The graph shown is a V-shaped graph, characteristic of an absolute value function. The general form of an absolute value function is:

$y = a|x - h| + k$

Where:

• $(h, k)$ is the vertex of the graph.
• $a$ affects the steepness and orientation of the "V".

Step-by-step analysis:

1. Vertex: The vertex of the graph is located at $(-2, -3)$ based on visual inspection.
2. Transformation:
   • The horizontal shift $h$ corresponds to the x-coordinate of the vertex, so $h = -2$.
   • The vertical shift $k$ corresponds to the y-coordinate of the vertex, so $k = -3$.
   • The graph opens upwards, so the coefficient $a = 1$.

Equation form:

Since the vertex is $(-2, -3)$, the equation of the absolute value function is:

$y = |x + 2| - 3$

Looking at the provided answer choices, the correct equation is:

$y - 3 = |x + 2|$

Thus, the correct answer is the second option from the top: $y - 3 = |x + 2|$.

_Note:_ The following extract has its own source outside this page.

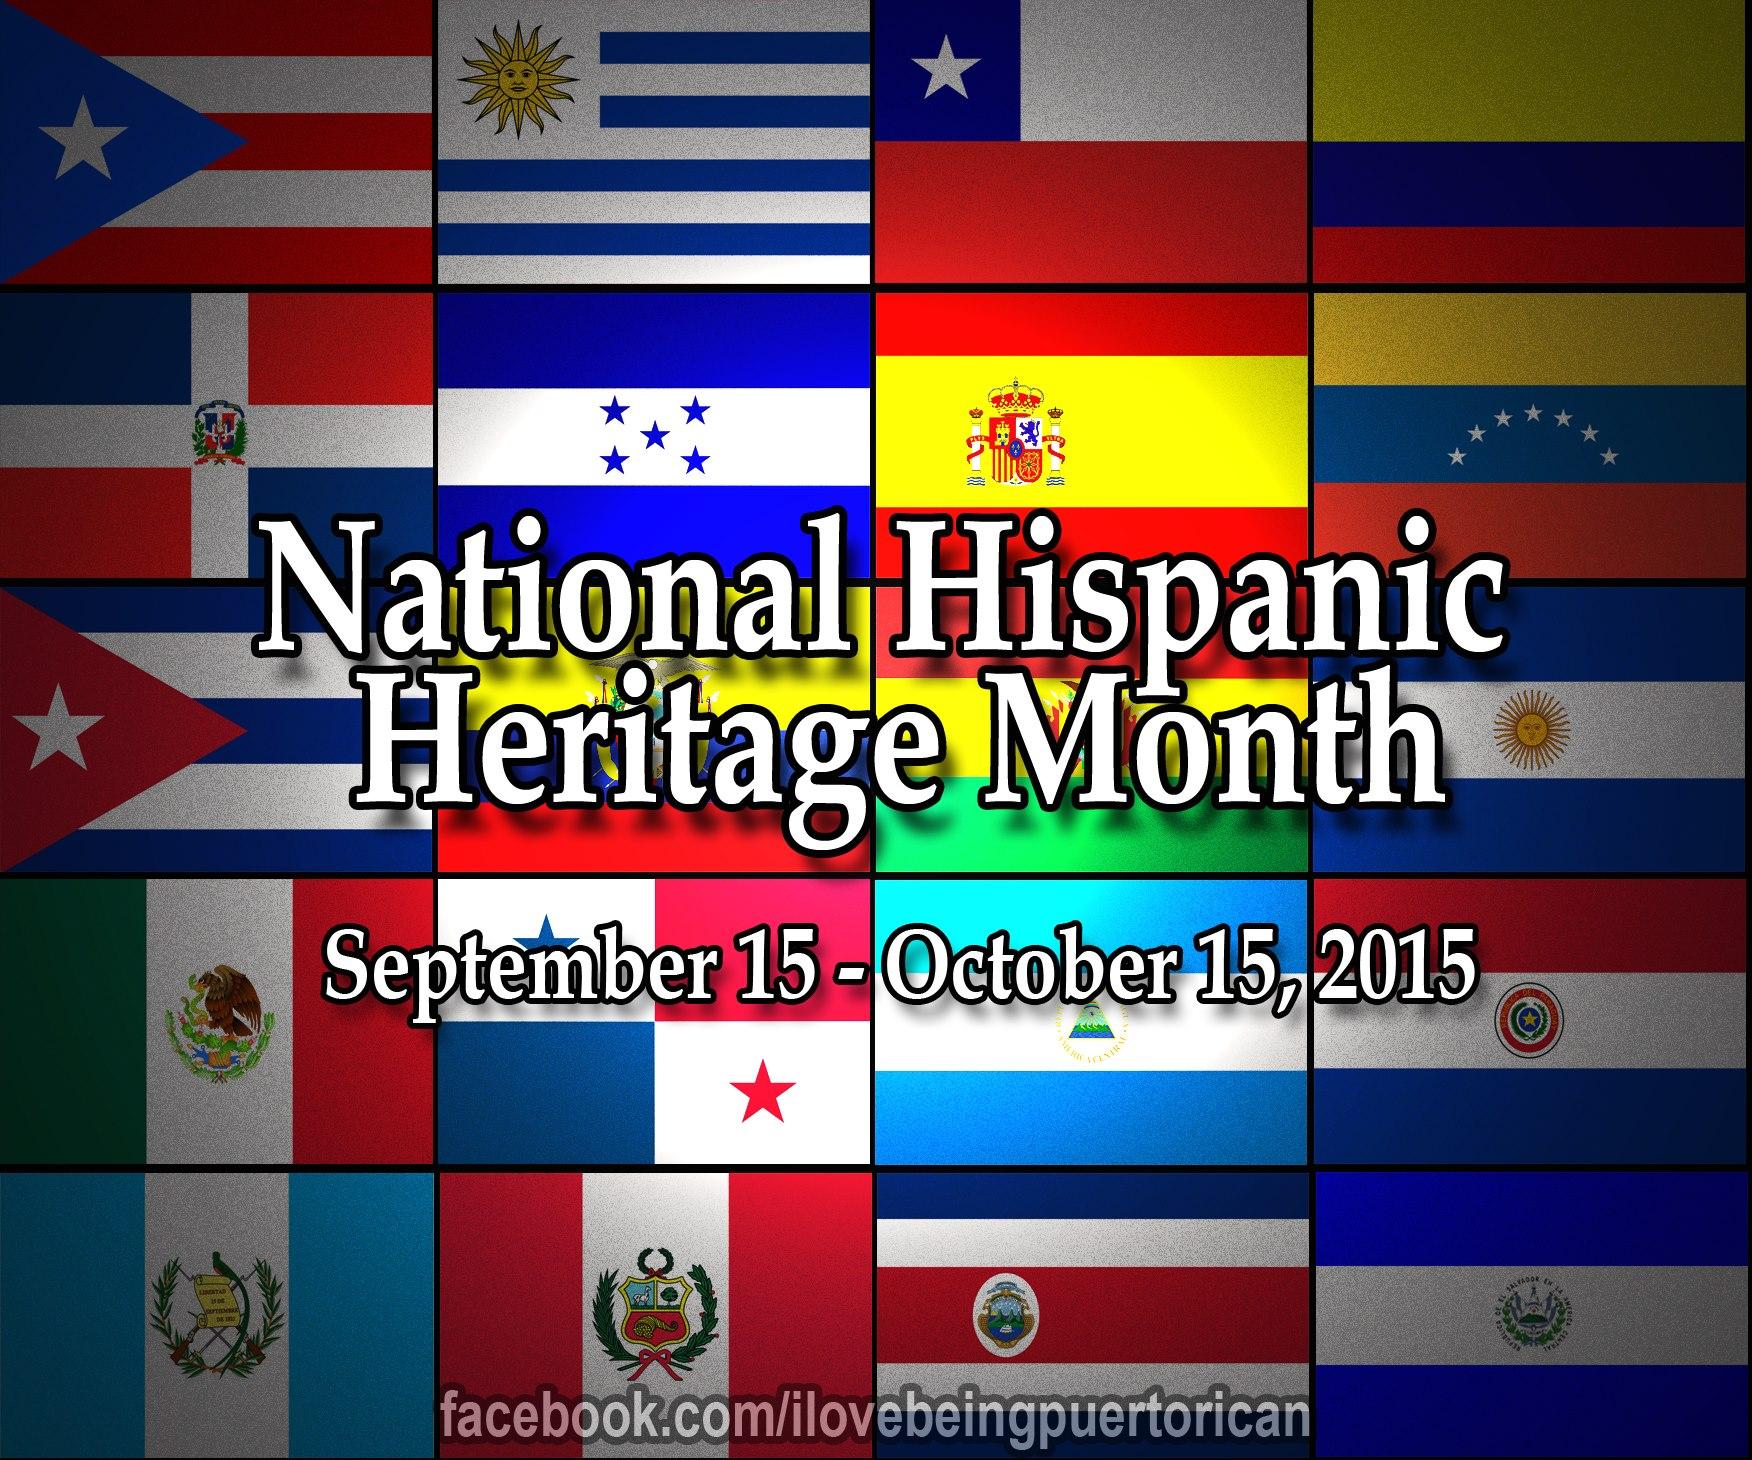 National Hispanic Heritage Month 2015

Would you like more details, or do you have any further questions?

Here are some related questions for further practice:

1. What happens to the graph if we change the coefficient $a$ to a number other than 1?
2. How does shifting the graph horizontally or vertically affect the equation?
3. How can you reflect the graph over the x-axis using the equation?
4. What is the equation of the graph if the vertex is at $(3, 4)$?
5. How do you determine the slope of the lines that form the "V" shape in an absolute value graph?

Tip: The vertex form $y = a|x - h| + k$ is very useful for understanding shifts and transformations of absolute value graphs.